I. Sachverhalt
A. Am 29. März 2007 veröffentlichte die «Basler Zeitung» unter dem Titel «Stecke endlich im richtigen Körper» ein von Gerhard Lob verfasstes Porträt über die transsexuelle Laura Armani. Die 45-jährige Ärztin habe durch eine Geschlechtsumwandlung ihr «wahres Ich» gefunden und kandidiere nun im Tessin für Staatsrat und Parlament. Schon als Kind habe sie sich als Mädchen gefühlt. Sie sei in bürgerlichen Verhältnissen als Sohn eines im Artikel namentlich genannten ehemaligen Exekutivpolitikers aufgewachsen. Die Familie habe ihr Anderssein nicht akzeptiert. Sie habe jahrelang nach aussen die Rolle des Ehemannes mit zwei Kindern und erfolgreichen Arztes gespielt. Schliesslich habe sie es aber Ende 2004 in ihrem Körper nicht mehr ausgehalten. Ihr Umfeld habe daraufhin äusserst negativ reagiert. Für die Ehefrau sei durch das Coming-Out eine Welt zusammengebrochen. Der Vater habe Briefe an den Kantonsarzt mit Kopie an Polizei und Staatsanwaltschaft geschrieben. «Der Sohn sei psychisch krank, gewalttätig und suizidgefährdet, behauptete er. Es kam zum FFE, zum fürsorgerischen Freiheitsentzug.» Nach einer erfolgreichen Geschlechtsumwandlung in Deutschland habe Laura Armani ein neues Leben als Frau begonnen. Aber noch seien Klagen gegen den Vater wegen Verleumdung hängig. «Auslöser war ein Leserbrief der Eltern im ‹Corriere del Ticino›, in dem unter anderem behauptet wurde, ihr Sohn leide unter ‹akuten Störungen seiner Persönlichkeit›.»
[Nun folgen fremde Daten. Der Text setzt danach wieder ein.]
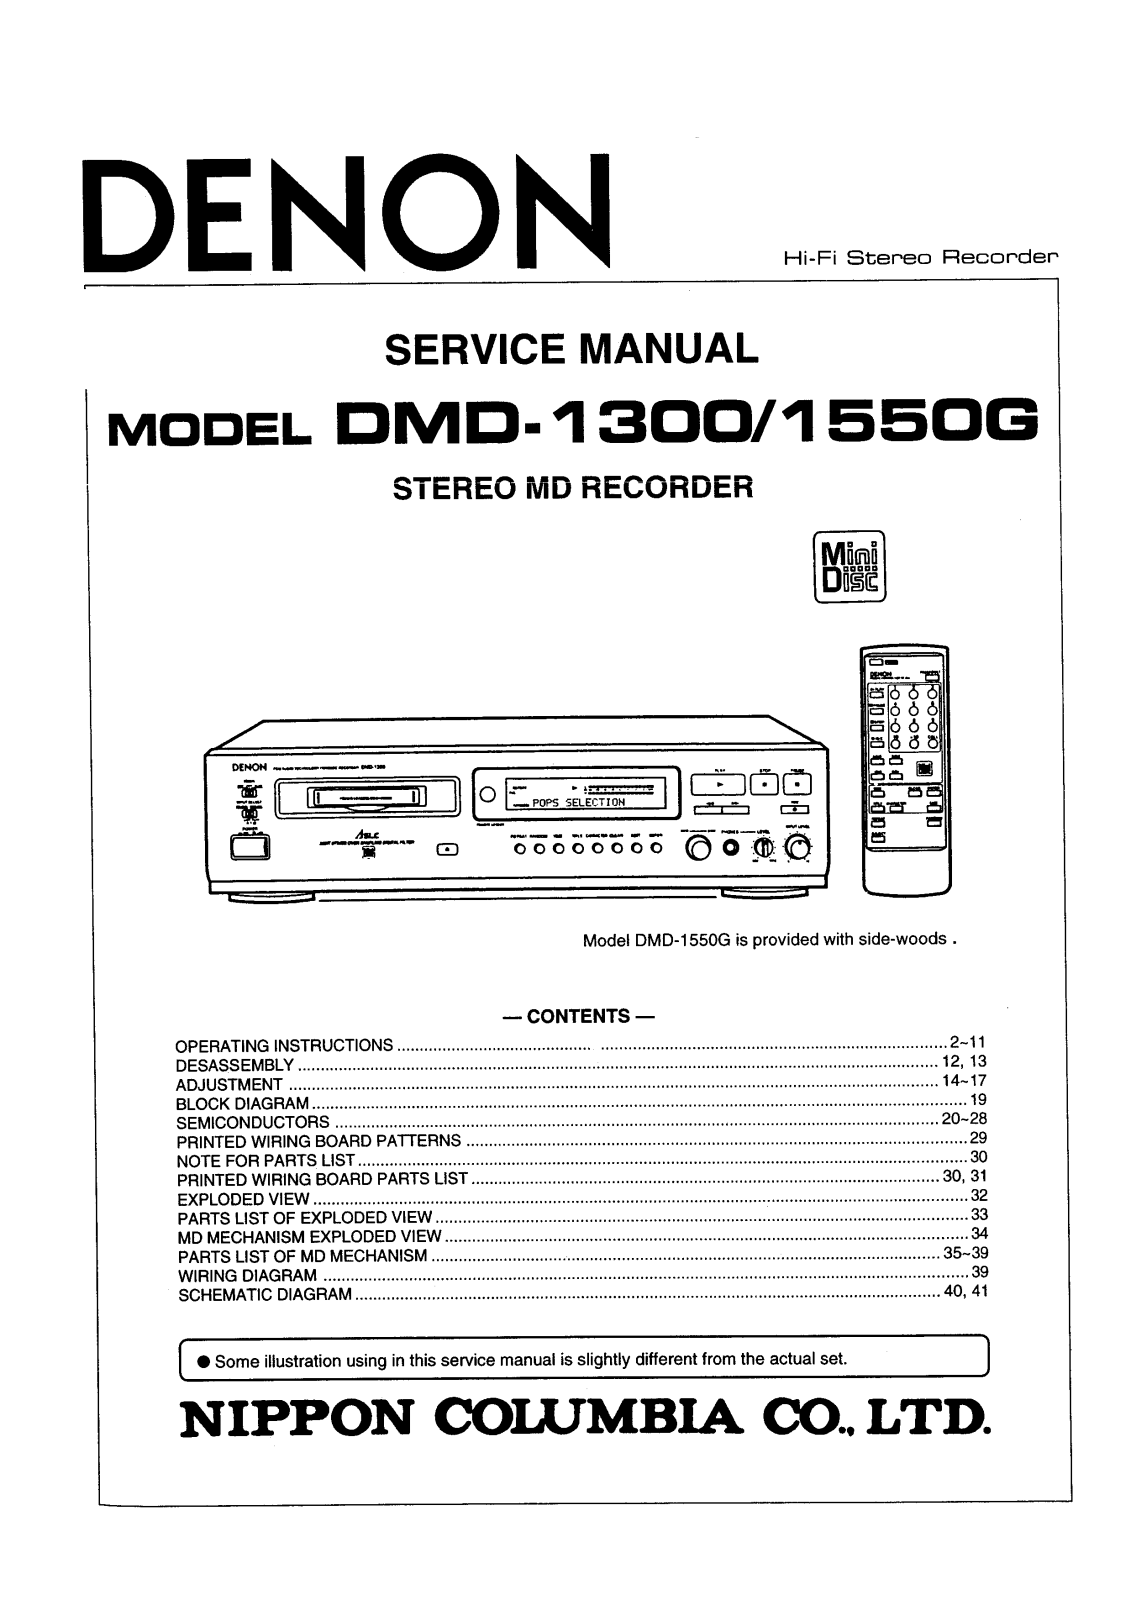 Denon DMD-1300, DMD-1550G Service Manual

B. Am 4. April 2007 gelangte X., der im Artikel der «Basler Zeitung» vom 29. März 2007 namentlich und mit seiner früheren politischen Funktion genannte Vater von Laura Armani, mit einer Beschwerde an den Presserat. Er beanstandete darin, der Autor des Berichts habe es unterlassen, sich vor der Veröffentlichung die beiden angeprangerten Briefe an den Kantonsarzt vorlegen zu lassen. Zudem sei er trotz der gegenüber ihm erhobenen schweren Vorwürfe weder angehört noch im Artikel zu Wort gekommen. Weiter stelle die Nennung seines vollen Namens und seiner früheren Funktion eine unentschuldbare Entgleisung der «Basler Zeitung» dar. Sinngemäss beanstandete der Beschwerdeführer damit eine Verletzung der Ziffern 1 (Wahrheitssuche), 3 (Anhörung bei schweren Vorwürfen) und 7 (Respektierung der Privatsphäre) der «Erklärung der Pflichten und Rechte der Journalistinnen und Journalisten».
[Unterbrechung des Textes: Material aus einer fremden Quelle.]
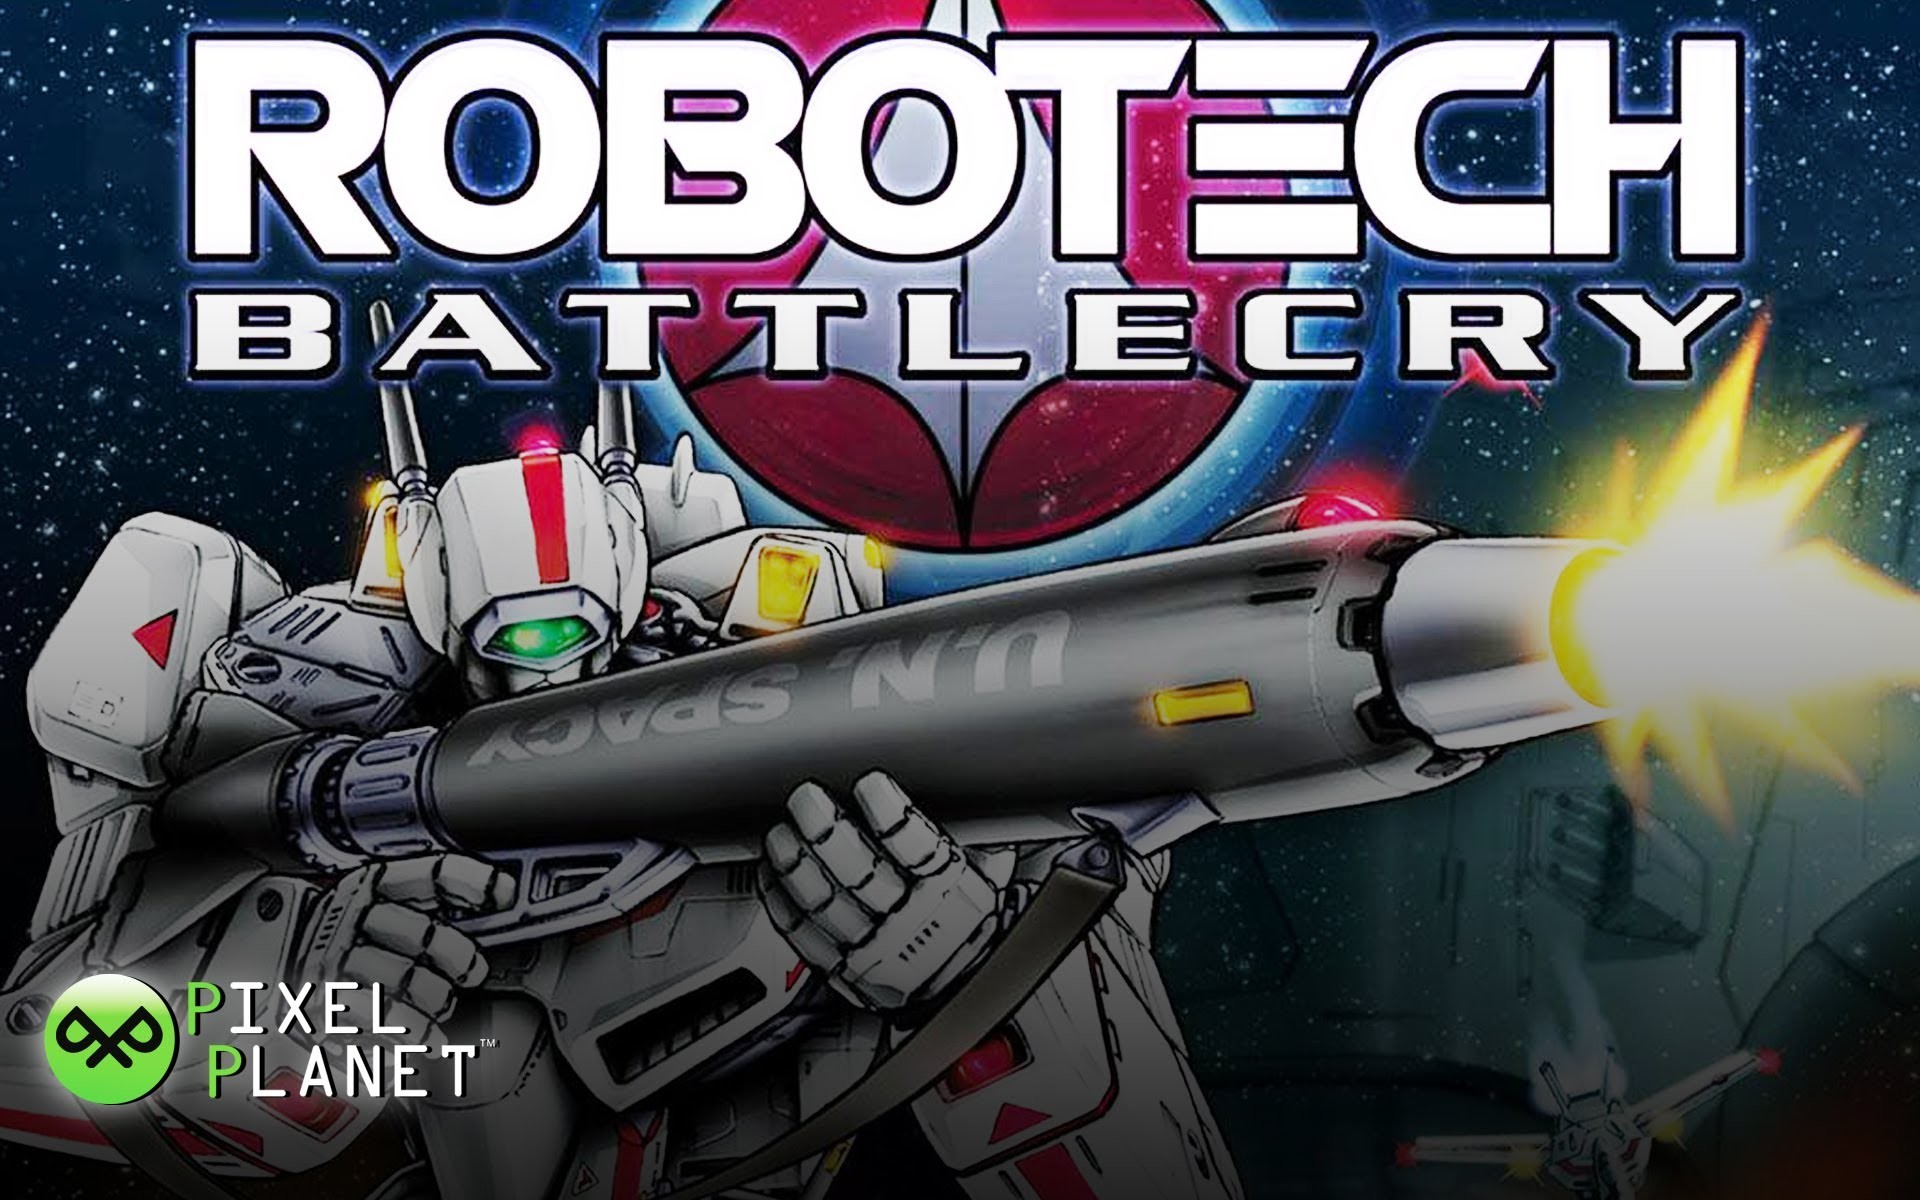 Robotech Battlecry – intro HD (2007) Old Skool!

C. Am 9. Mai 2007 wies die durch den stellvertretenden Chefredaktor Urs Buess und Jochen Schmid, Ressortleiter News-Team, vertretene Redaktion der «Basler Zeitung» die Beschwerde als unbegründet zurück. Laura Armani habe öffentliches Interesse erweckt, weil ihr im Tessin die Ausübung des Arztberufs verboten worden sei und sie bei den Kantonswahlen vom April 2007 für den Tessiner Staatsrat kandidiert habe. Zudem sei Transsexualität ein gesellschaftliches Phänomen, das einen Teil der Bevölkerung sehr interessiere. Geschichten über das Coming-Out solcher Personen hätten wie einst Geschichten über Homosexuelle eine wichtige öffentliche Funktion. Die Darstellung des Lebens von Laura Armani in der Form eines subjektiven Porträts habe dabei zwangsläufig auch ihre Kindheit einschliessen müssen. Die derjenigen von Laura Armani widersprechende Haltung des Vaters sei der Redaktion bekannt gewesen. Seine Einschätzung, «der Sohn sei psychisch krank, gewalttätig und suizidgefährdet», sei im Artikel zitiert worden. Angesichts der interfamiliären Spannungen hätten sie geglaubt, auf eine weitere Befragung des Vaters verzichten zu können. In Bezug auf die Namensnennung weist die «Basler Zeitung» darauf hin, dass Laura Armani bei ihrer politischen Kandidatur unter ihrem Namen, aber auch unter dem ursprünglichen Familiennamen auftrete. Zudem hätten sich die beiden Eltern unter Angabe von Namen und Wohnort in einem im «Corriere del Ticino» am 1. März 2006 veröffentlichten Brief öffentlich und im Detail über ihr Kind geäussert.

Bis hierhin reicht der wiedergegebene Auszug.